Using x-ray diffraction data collected at SSRL, Scripps researchers Jason Yano, Eric F. Johnson, C. David Stout, and their colleagues have solved the structure of a type of human P450 enzyme called CYP2A6, which is the principal enzyme in the body that degrades nicotine.

CYP2A6 is a protein that can be found in liver cells, where it is one of many enzymes responsible for removing toxic chemicals from the body. In the case of nicotine, however, CYP2A6 is responsible for breaking down approximately 80% of the chemical in the bloodstream as it circulates through the liver. With that in mind, the research team set out to solve the structure of the CYP2A6 protein with two different inhibitors (coumarin and methoxsalen) bound to it. Because they are membrane-bound proteins, this class of enzymes has been particularly difficult to work with. As a workaround, the researchers "clipped off" the end of the molecule that sits in the membrane, concentrating instead on the end of CYP2A6 that contains the iron-containing active site, the P450 heme moiety.
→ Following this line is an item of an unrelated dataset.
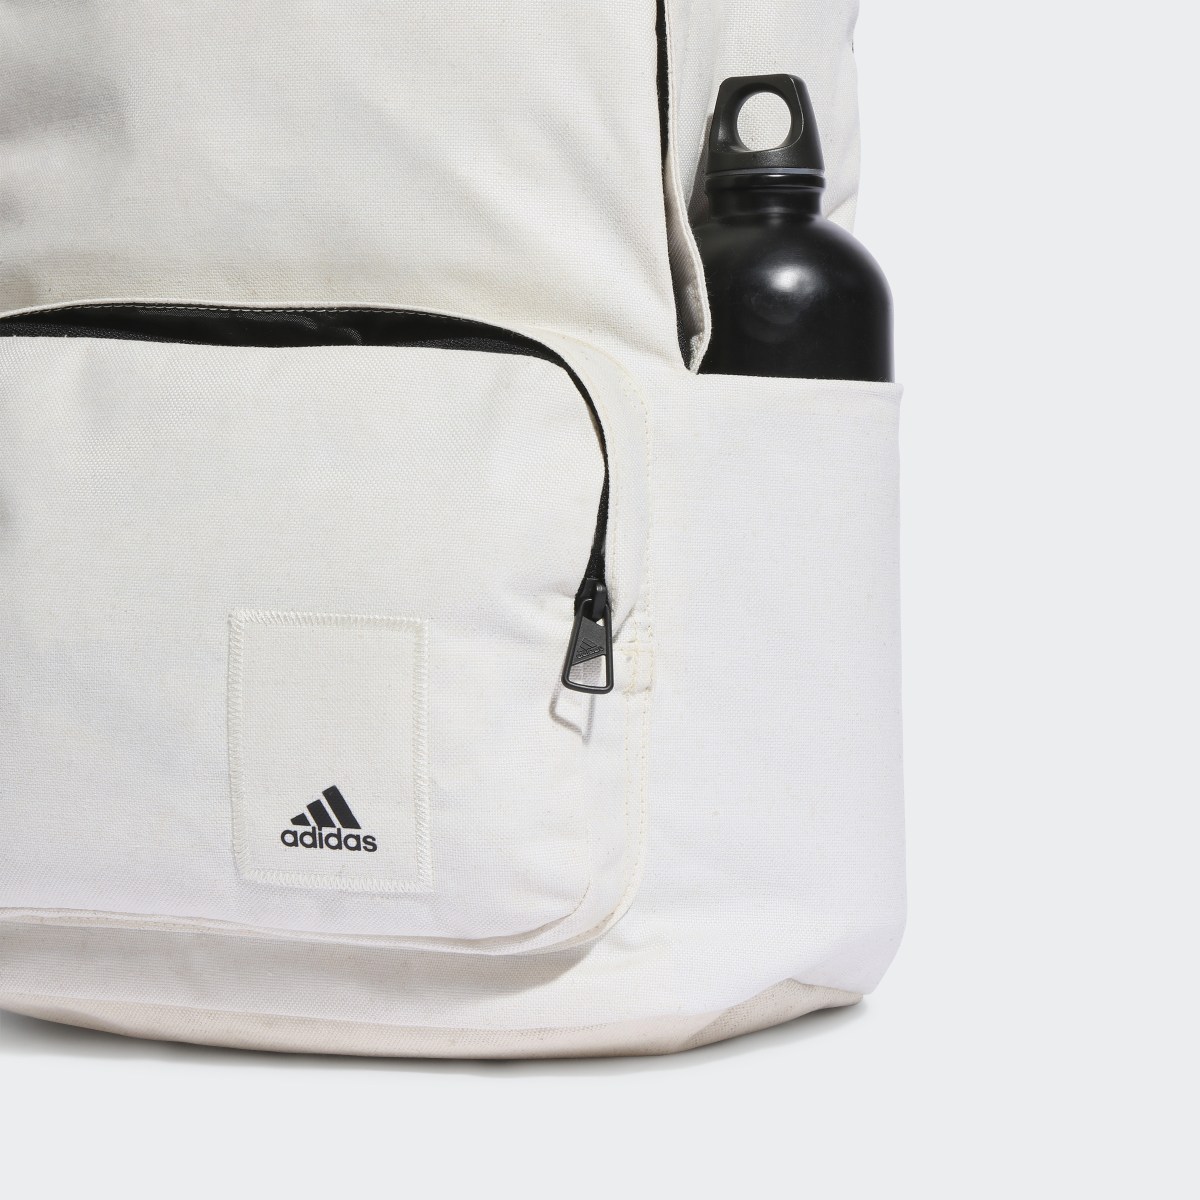 Adidas Classic Foundation Lounge Attitude Backpack 2. 7

Their studies have revealed in fine detail the exact active site structure of the enzyme. This structural information is being used in ongoing high-resolution macromolecular crystallography experiments at SSRL to probe the active site of this P450 2A6 with additional small molecule compounds. These studies may ultimately lead to the design of an effective inhibitor of P450 2A6 that could be used to decrease the occurrence of smoking and tobacco-related cancers by reducing dependence on nicotine and by blocking formation of carcinogens.

Yano, J.K., Hsu, M.-H., Griffin, K.J., Stout, C.D. and Johnson, E.F. (2005) The structure of human microsomal cytochrome P450 2A6 with coumarin and methoxsalen bound. Nature Struct. Mol. Biol. 12, 822-823.